Photo by Vjeran Pavic / The Verge

New York has passed the Marijuana Regulation and Taxation Act, legalizing the recreational use of marijuana in the state. The new legislation also expunges the records of people who were convicted on marijuana-related charges that are no longer criminalized. People with past convictions will be among those prioritized for licenses to cultivate, process, and sell marijuana products.

New Yorkers can now carry up to three ounces of cannabis or 24 grams of concentrates like oils and store up to five pounds at home. There are expansions to the state’s medical cannabis program, including the addition of more eligible conditions and a higher possession limit. The bill also prohibits using the smell of marijuana as justification for searching someone’s car, though it can still be used as a reason to suspect the driver is intoxicated.
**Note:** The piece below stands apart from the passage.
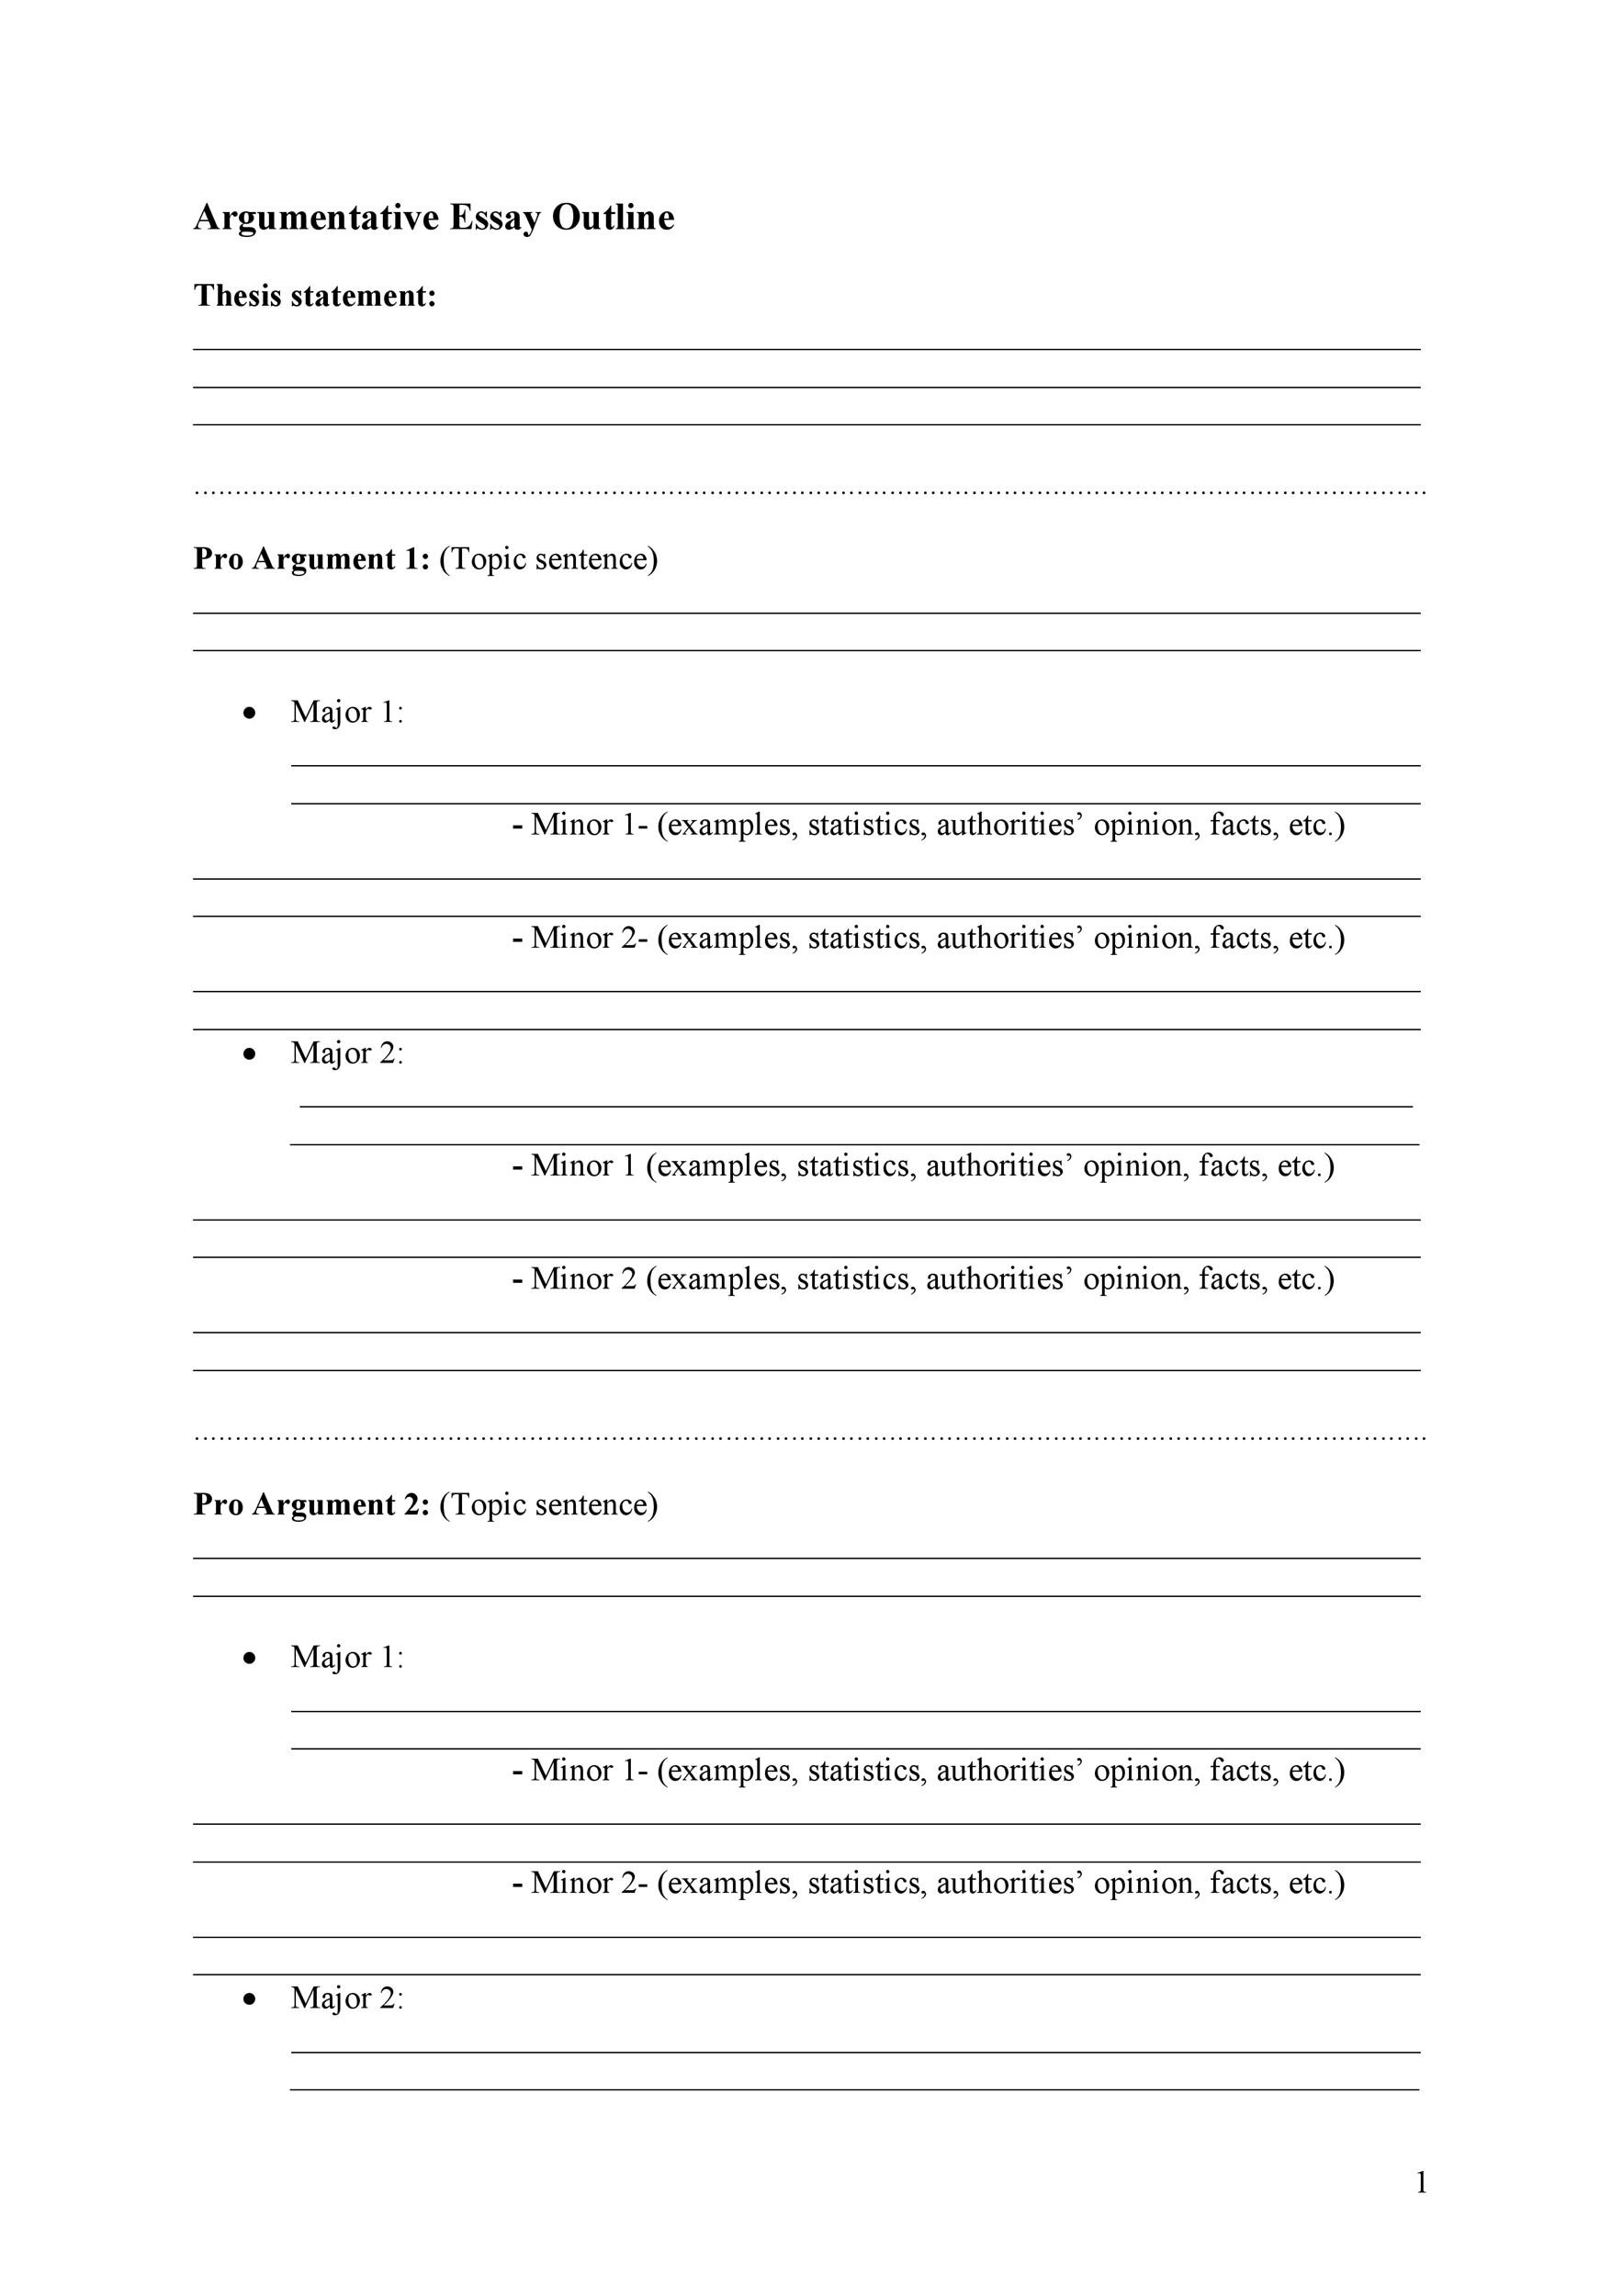 template for argumentative essay outline

Advocates have long been calling for reforms that address the disproportionate effects of drug criminalization on people of color. New Yorkers of color made up 94 percent of marijuana-related arrests and summonses in 2020, according to an analysis of NYPD data by The Legal Aid Society. “Because of the sheer extent of harm that had been inflicted on Black and Brown communities over the years, any marijuana reform that was brought forth had to be equally comprehensive to begin repairing the damage,” said Kassandra Frederique, executive director of the Drug Policy Alliance.

“End the racially disparate enforcement of marijuana prohibition”

Tax revenue from marijuana sales will be directed toward education, job training, drug treatment programs, and other community initiatives. “My goal in carrying this legislation has always been to end the racially disparate enforcement of marijuana prohibition that has taken such a toll on communities of color across our state, and to use the economic windfall of legalization to help heal and repair those same communities,” said state Sen. Liz Krueger, who sponsored the bill.

The law establishes “one of the most ambitious marijuana legalization programs in the nation,” said Melissa Moore, New York State director of the Drug Policy Alliance. “New York has taken bold action to put a nail in the coffin of the war on drugs.”